The Pittsburgh Pirates are a Major League Baseball (MLB) franchise based in Pittsburgh, Pennsylvania. They play in the National League Central division. Since the establishment of the Rule 4 Draft the Pirates have selected 72 players in the first round. Officially known as the "First-Year Player Draft", the Rule 4 Draft is MLB's primary mechanism for assigning players from high schools, colleges, and other amateur clubs to its franchises. The draft order is determined based on the previous season's standings, with the team possessing the worst record receiving the first pick. In addition, teams which lost free agents in the previous off-season may be awarded compensatory or supplementary picks.

Of these 72 players, 27 have been pitchers, the most of any position; 20 of these were right-handed, while 7 were left-handed. 17 outfielders and 15 shortstops were selected. The Pirates have also drafted 7 catchers, 3 first basemen, and 3 third basemen, but have never selected a second baseman in the first round. Eleven players came from high schools or universities in the state of California, while eight came from Florida.
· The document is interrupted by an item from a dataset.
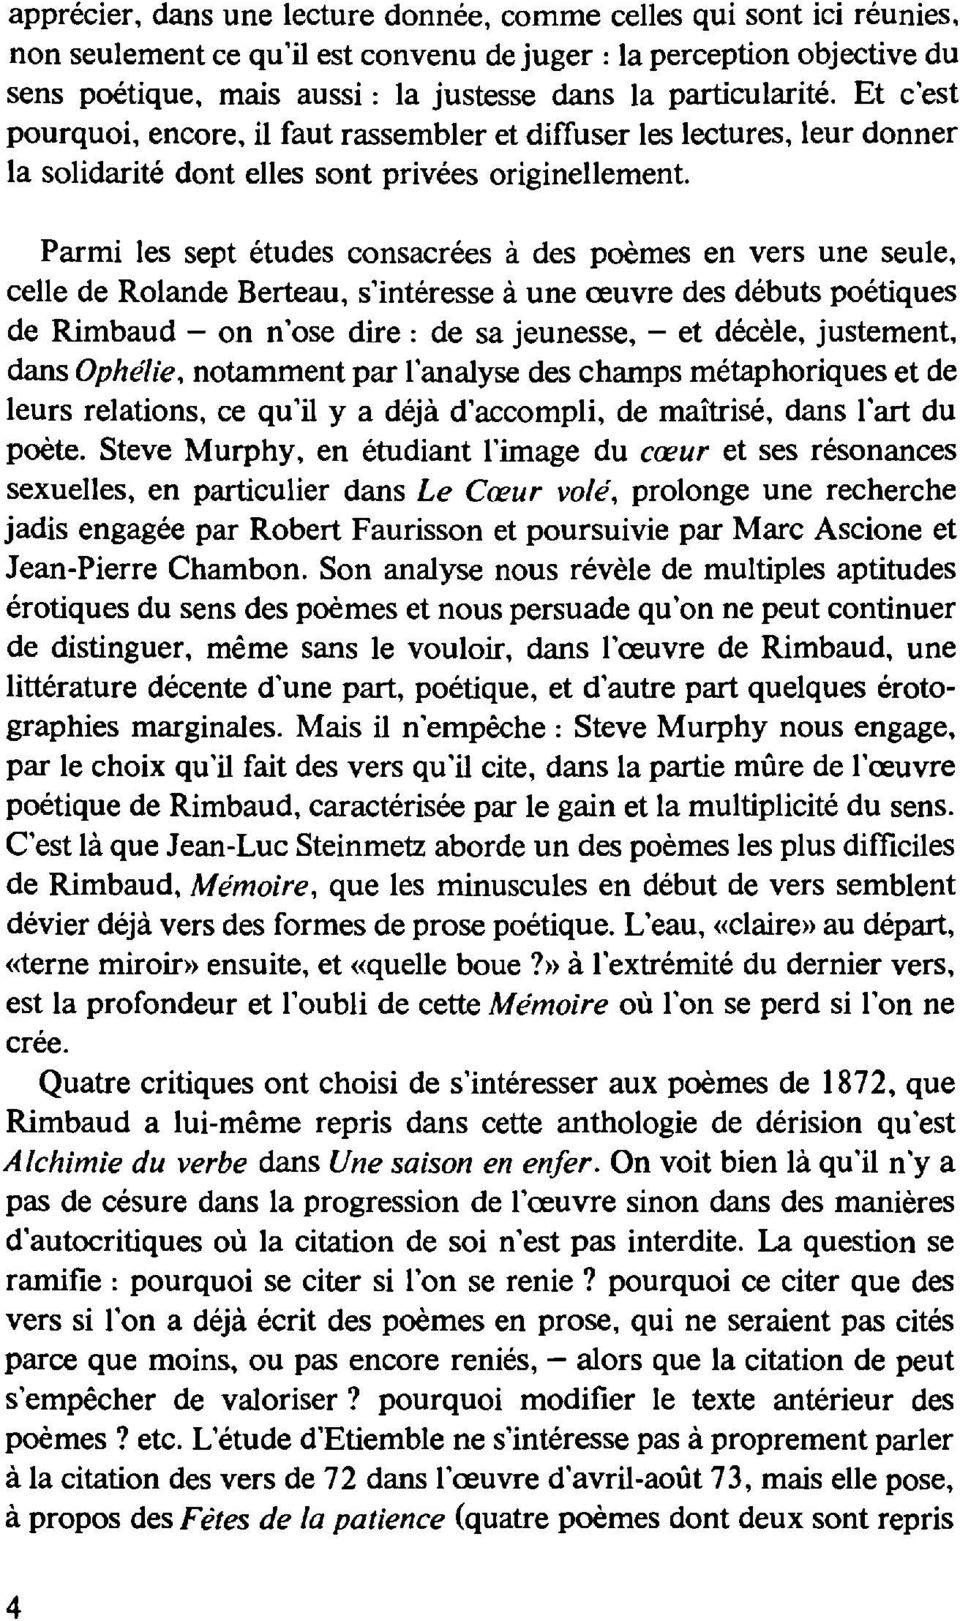 Parmi les sept études consacrées à des poèmes en vers une seule, celle de Rolande Berteau, s'intéresse à une œuvre des débuts poétiques de Rimbaud - on n'ose dire: de sa jeunesse, - et décèle,

Three Pirates' first-round picks have won championships with the franchise. Richie Hebner (1966) won a World Series title on the 1971 championship team, and Steve Nicosia (1973) and Dale Berra (1975) won with the 1979 team (though Berra did not appear in the World Series). No Pirates' first-round pick has ever won the Rookie of the Year Award. None of their picks have been elected to the Baseball Hall of Fame, but Barry Bonds (1985) won seven Most Valuable Player awards, more than any other player, including two with Pittsburgh. Bonds also won 12 Silver Sluggers, 8 Gold Gloves, and  holds both the single-season and career home run records (73 and 762). The Pirates have made fourteen selections in the supplemental round of the draft and have made the first overall selection five times (1986, 1996, 2002, 2011, 2021). The Pirates will also have the first overall pick in the upcoming 2023 Major League Baseball draft after winning the inaugural draft lottery.

The Pirates have failed 3 times in signing a first-round draft pick. This first occurred in 2012, when the Pirates selected RHP Mark Appel from Stanford University, who sought a significant bonus which, according to new MLB rules, would have cost the Pirates a future draft pick. The Pirates received the 9th overall pick in the 2013 draft for their failure to sign Appel.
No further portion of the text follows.